In the year 2000, during the production of a tv show called “Derman Bey”, on 9 September, İnanır got involved in a scandal. As usual, İnanır was the leading artist in the squad and there were young female models accompanying him. One of these models; Buket Saygı, an ex-Turkish beauty queen and a new actress, made a press declaration with his husband at that time Çelik Erişçi - a famous Turkish pop music singer - and claimed that İnanır had harassed her through cellular phone messages (sms). The event soon became a scandal and Çelik made harsh declarations for İnanır. Çelik and Buket Saygı also declared that they sued İnanır for sexual harassment and his messages were presented to judicial authorities as evidence. The media made use of this issue for several months and although a judicial process was going on and later İnanır was found guilty and obliged to pay reparation[6], İnanır was acquitted in Turkish people’s court and media through people’s and other artists’ declarations. İnanır continued to preserve his image, take job offerings and Turkish people’s Kadirizm fanaticism did not seem to be ended. This was realized by a big media and public support to him during this problematic period. Now let us focus on the “motivation” discussion again this time in detail.

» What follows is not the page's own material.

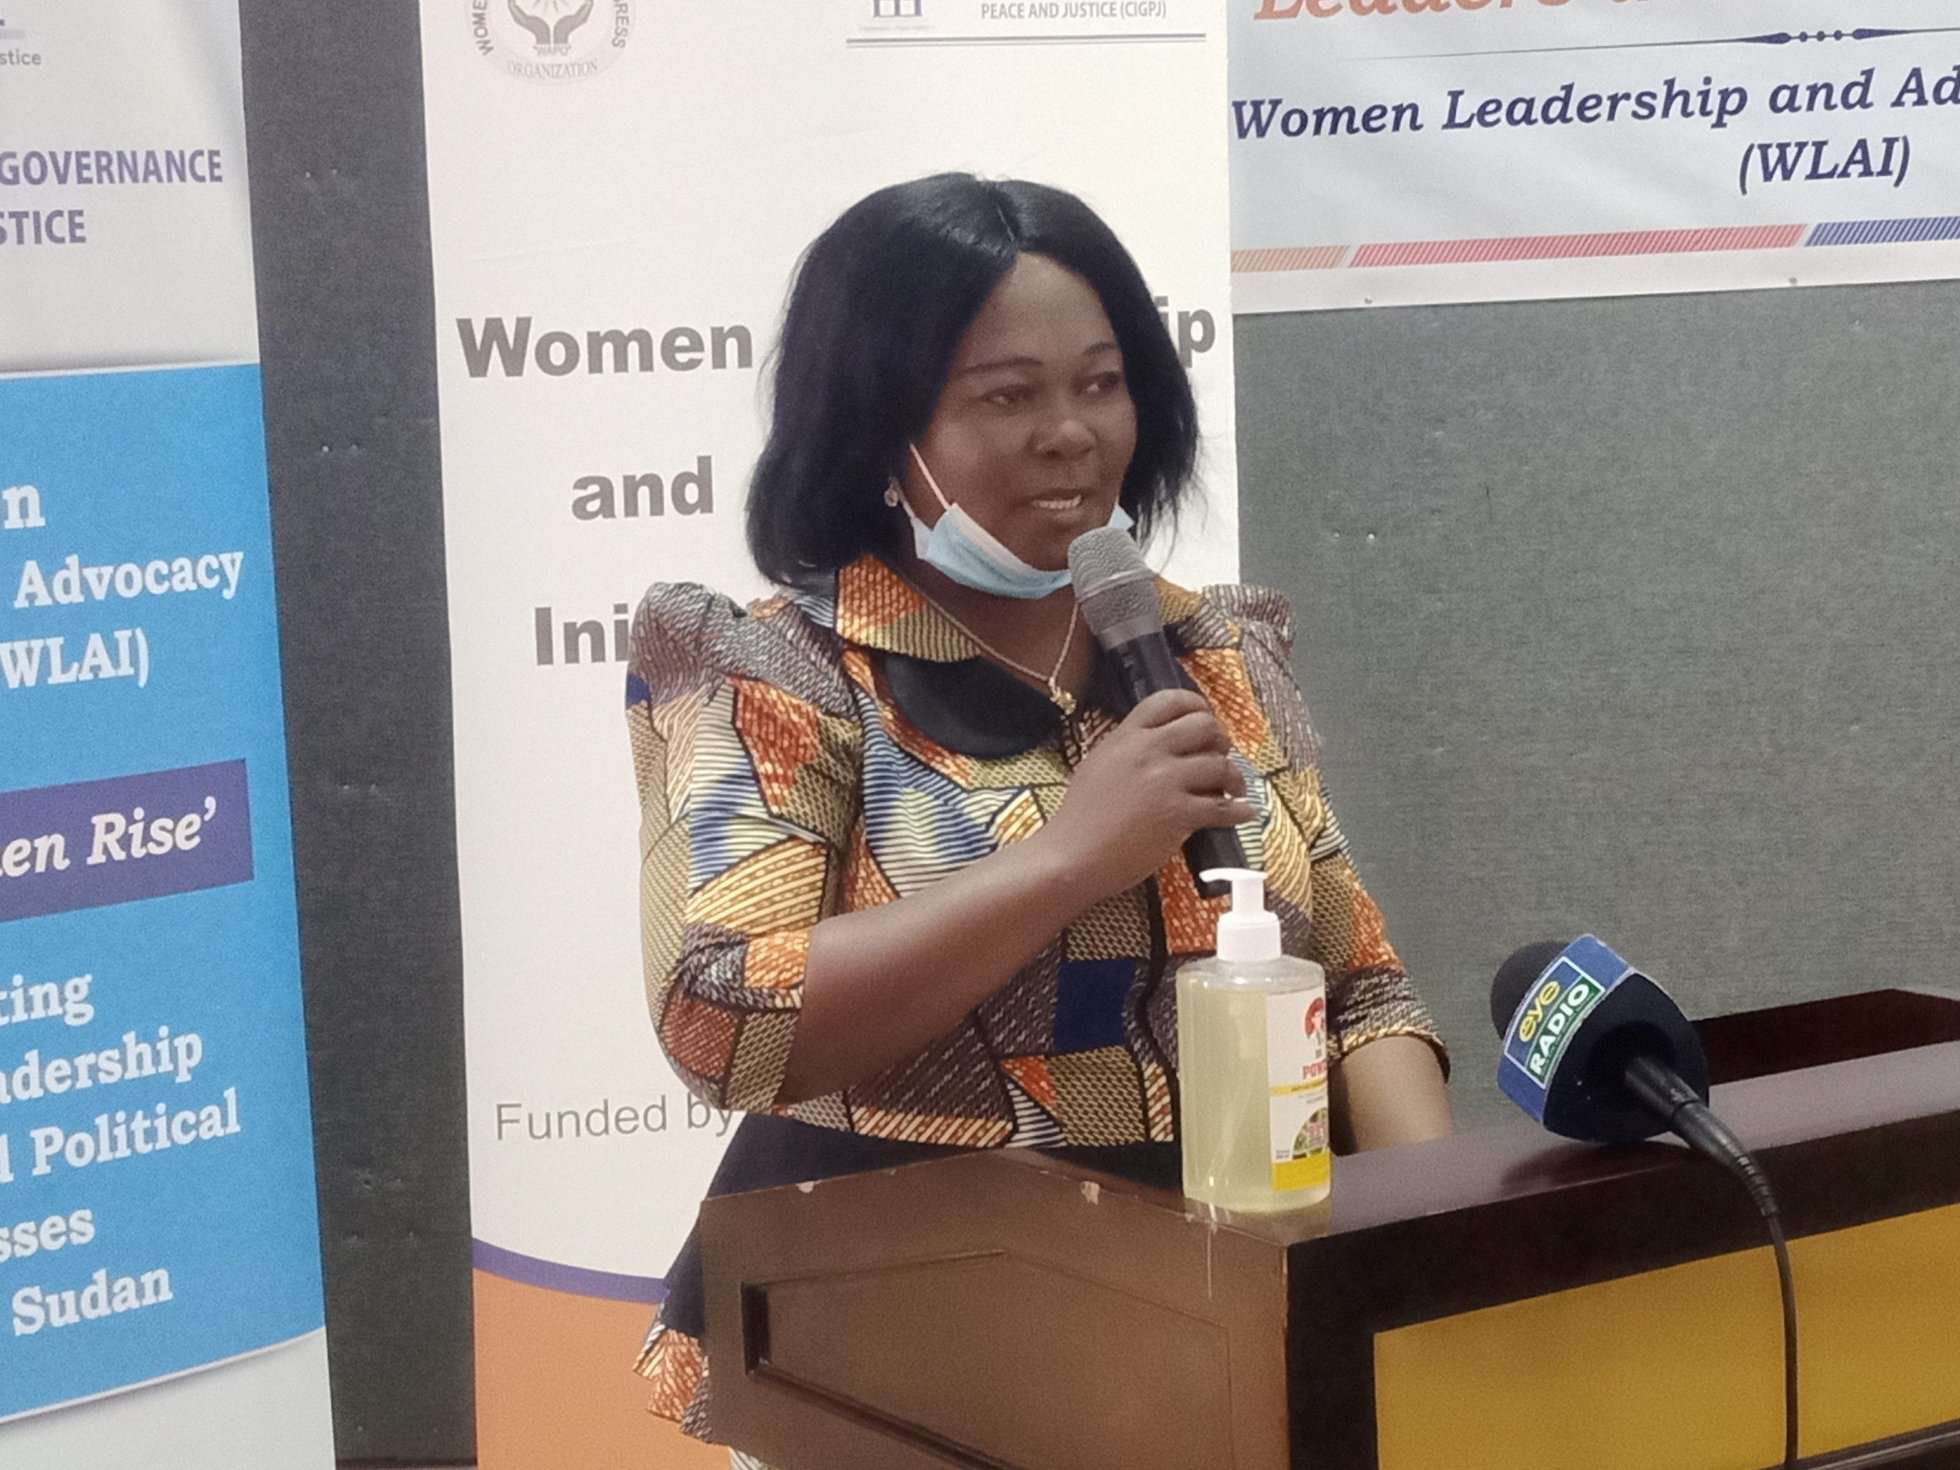 Women in leadership urged to fight corruption
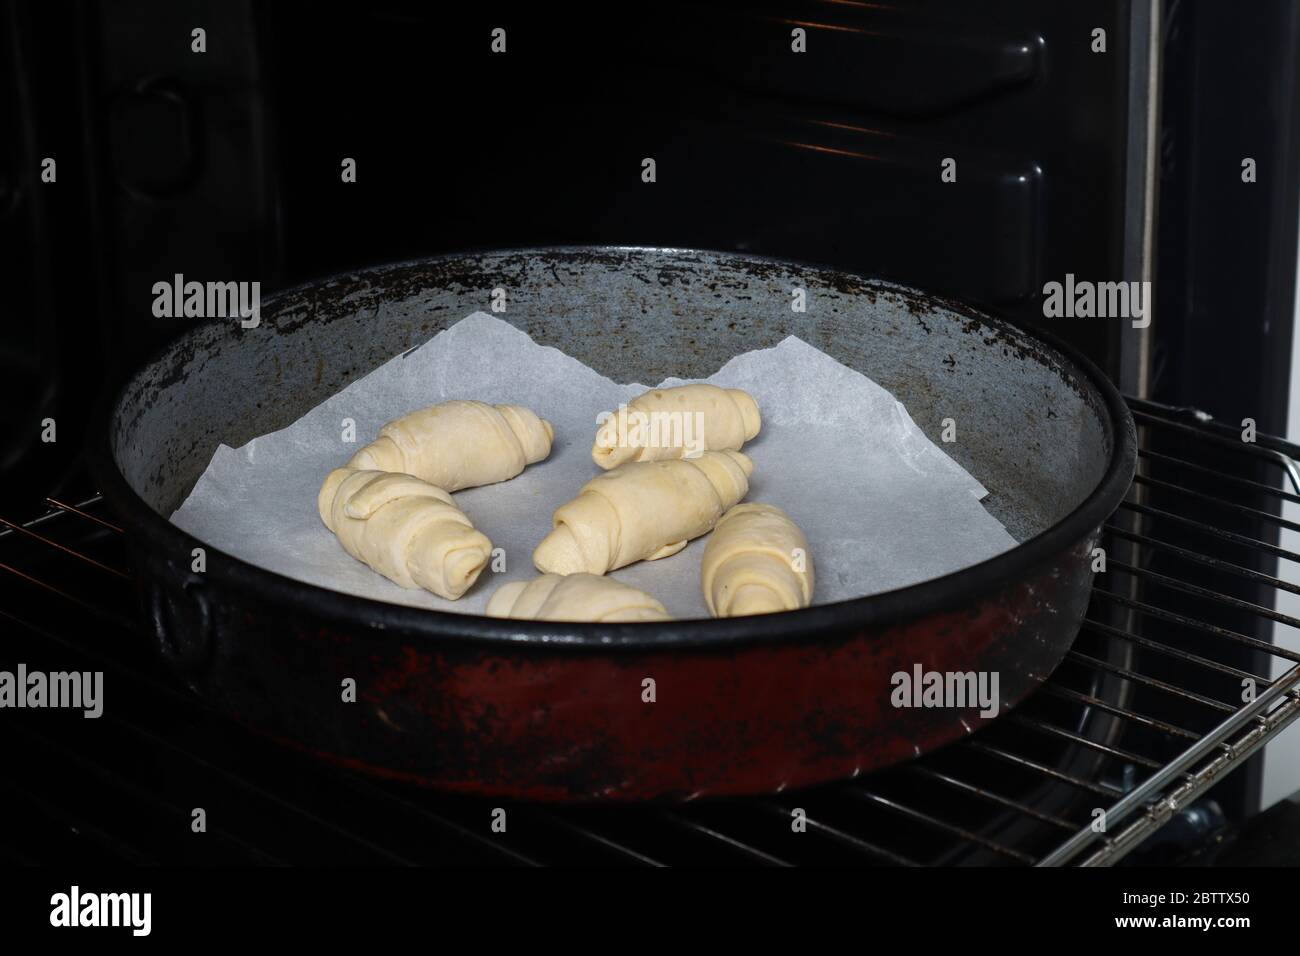 Unbaked rolls in a casserole and ready for backing in the oven. The process of preparing homemade rolls pastry. Domestic and hand made food Stock Photo

In the show, İnanır and Saygı were playing two lovers and there were close romantic scenes between the two. In parallel with İnanır’s womanizer but also honest “man of honor” image, many other artists blamed Saygı for making advertisement of her. It was obvious that people did not want to believe that İnanır first harassed and later rejected by Saygı. İnanır defended himself by saying that they were making a romantic movie and in order to motivate his partner, he had sent some messages having romantic words. He said that this was normal and made deliberately in order to increase Saygı’s performance in internalizing the character[7]. Some other male members of the cast including Faruk Tınaz and Bülent Bilgiç immediately organized a press conference and claimed that Saygı was lying and she had an affair with another member of the squad, Hüseyin İlker. In their view, it was Saygı who showed particular interest to İnanır and Hüseyin İlker during the shooting of the show[8]. The day after Hüseyin İlker made a declaration and supported İnanır by saying that Saygı was trying to seduce him and flirting with Kadir İnanır. The media continued to present the issue in this way in parallel with the general understanding of male-female relations in Turkey; “Without the bitch wagging its tail, the male dog cannot approach it (Dişi köpek kuyruk sallamazsa erkek köpek yanaşmaz)”.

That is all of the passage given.